Параметрит — воспаление околоматочной клетчатки — возникает при лимфогенном распространении инфекции. Инфекция проникает в клетчатку чаще всего из разрывов шейки матки и верхней трети влагалища, редко с плацентарной площадки.
Параметрит преимущественно бывает односторонним. Экссудат вначале имеет серозный характер, количество фибрина в нем быстро нарастает, происходит выпадение фибрина, образуется плотный инфильтрат. Воспалительный процесс может остаться локализованным в пределах параметрия.
Локализации способствуют выпадение фибрина и блокада лимфатических путей в очаге воспаления, образование грануляционного вала вокруг него, наличие в клетчатке таза фиброзных образований, разграничивающих ее на отделы.
При тяжелой инфекции эти защитные приспособления оказываются несостоятельными и инфекция переходит на соседние отделы.
Параметрит начинается на 10—12-й день после родов ознобом и повышением температуры до 39°С, редко до 40°. Общее состояние родильницы страдает мало, жалобы на несильные тянущие боли внизу живота. Сильные боли могут появиться в самом начале заболевания — при раздражении брюшины, покрывающей пораженный отдел клетчатки.
В самом начале заболевания местные симптомы плохо выражены — при влагалищном исследовании определяется пастозиость в области воспаления. Спустя 2—3 дня отчетливо контурируется инфильтрат тестоватой, а затем плотной консистенции.
Инфильтрат умеренно болезнен, неподвижен. При параметрите он располагается между боковой поверхностью матки и стенкой таза, переходя на нее широким крылом. Боковой свод уплощается, слизистая его теряет подвижность.
Матка отдельно от инфильтрата не прощупывается и смещена при одностороннем параметрите в противоположную сторону, при двустороннем — кверху и кпереди. Инфильтрат может выхолить за пределы параметрия.
При распространении его кпереди он прощупывается снаружи над пупартовой связкой.
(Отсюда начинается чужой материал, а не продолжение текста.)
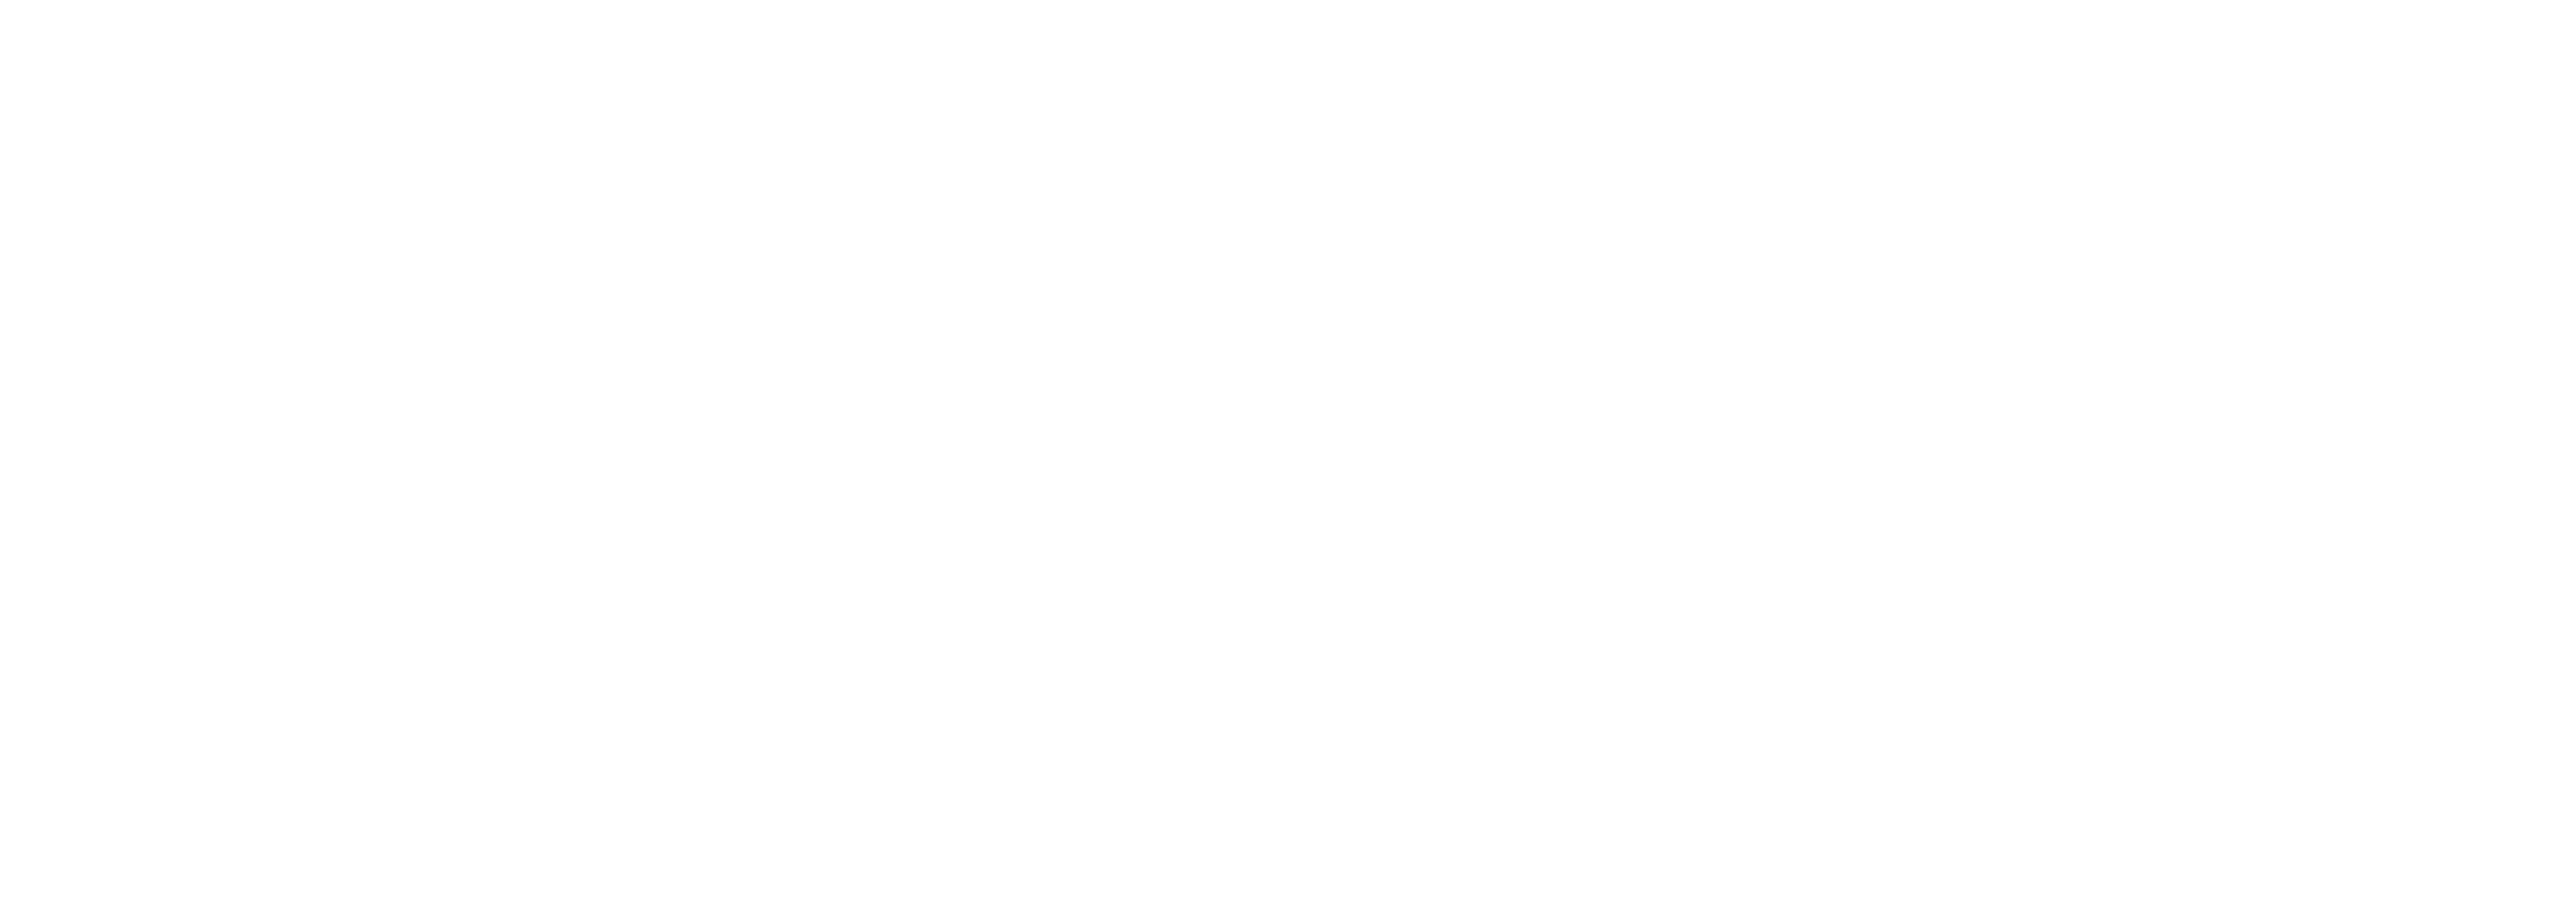 Cody Mehnert

Благодаря внебрюшинному расположению инфильтрата верхняя пальпаторная и верхняя перкуторная границы его совпадают; при перкуссии верхнепередних подвздошных остей на стороне поражения получается приглушение тона (симптом Гентера).
При переходе воспаления на околопузырную клетчатку инфильтрат может распространяться по задней поверхности брюшной стенки, принимая форму треугольника с вершиной, обращенной к пупку; брюшная стенка производит впечатление накрахмаленной манишки.
Из верхнего отдела параметрия инфильтрат может продвинуться позади брюшины вплоть до почечной области. При локализации инфильтрата на поверхности поясничной мышцы (парапсоит) больная принимает положение на спине с отведенной и согнутой ногой.
Течение параметрита различное. Лихорадочный период (с небольшими ремиссиями температуры) продолжается 1—2 нед. Инфильтрат постепенно рассасывается. Сравнительно редко наблюдается нагноение (на 3—4-й неделе заболевания).
Температура становится ремиттирующей, появляются приступы озноба. Если гнойник не будет своевременно вскрыт, гной прокладывает себе путь над пупартовой связкой, через седалищное отверстие между сосудами на ягодицу, под пупартовой связкой на бедро, в околопочечную область.
На месте угрожающего прорыва гнойника сначала отмечаются выпячивание, а затем покраснение кожи и флюктуация. Гнойник может также вскрыться в мочевой пузырь или прямую кишку. При угрожающем прорыве в мочевой пузырь возникают тенезмы, в прямую кишку — тснезмы, поносы.
Различают параметрит как отдельную форму заболевания (первичный параметрит) и как реактивное воспаление клетчатки при тромбофлебитах, адиекситах (вторичный параметрит). Вторичные параметриты, как правило, небольших размеров.
В настоящее время в результате применения антибиотиков первичные параметриты встречаются редко и обычно протекают легко. Однако и при лечении антибиотиками не исключена возможность перехода в нагноение, причем клиническая картина его может быть стертой.